Celtic Connections

Special Consensus

Glasgow Royal Concert Hall

Rob Adams

five stars

BLUEGRASS has moved on since Special Consensus formed in Chicago in 1975 as younger generations of musicians raised in the music’s traditions have sought new routes for their roots. There is still, however, innate potency and excitement in the foundations of a branch of country music that has maintained its acoustic values, and if ever an example were needed, this was it.

Its blend of raw expression, sophisticated musicianship and collective vigour has sometimes led to bluegrass being described as Virginia bebop and this became very close to the literal truth as sole founder member and banjo player Greg Cahill, guitarist Rick Faris, mandolinist Nick Dumas and bassist Dan Eubanks tore through and extemporised on Irving Berlin’s Blue Skies as many jazz musicians have done before them.

Songs closer to the spirit that bluegrass godfather Bill Monroe exemplified and the music has come to embody, a kind of walking of a line between losing at love, finding a friend in Jesus and seeking solace or just sheer profit in moonshine, found Faris and Dumas singing with earnest bluesiness and all four musicians coming together in full-voiced harmony before breaking off on solo improvisations that didn’t get passed on like a relay baton so much as a hot coal.
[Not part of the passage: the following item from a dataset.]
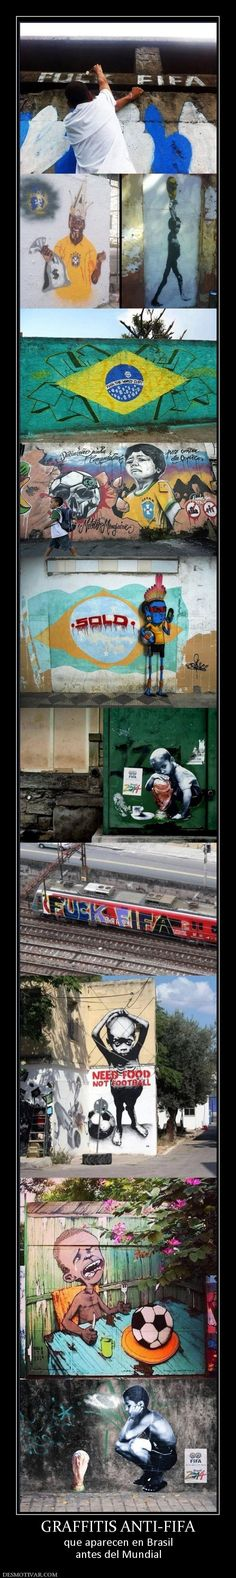 GRAFFITIS ANTI-FIFA que aparecen en Brasil antes del Mundial

Even a broken string couldn’t put the brakes on Faris’s flatpicking locomotion and as they returned for an encore the individual features that preceded the song itself – Dumas’ mandolin picking reaching improbable liquidity; Eubanks playing with superb eloquence and mobility while honouring the blues – showed they have more than enough adventure, invention and creativity to succeed in the more contemporary bluegrass forms should they so wish.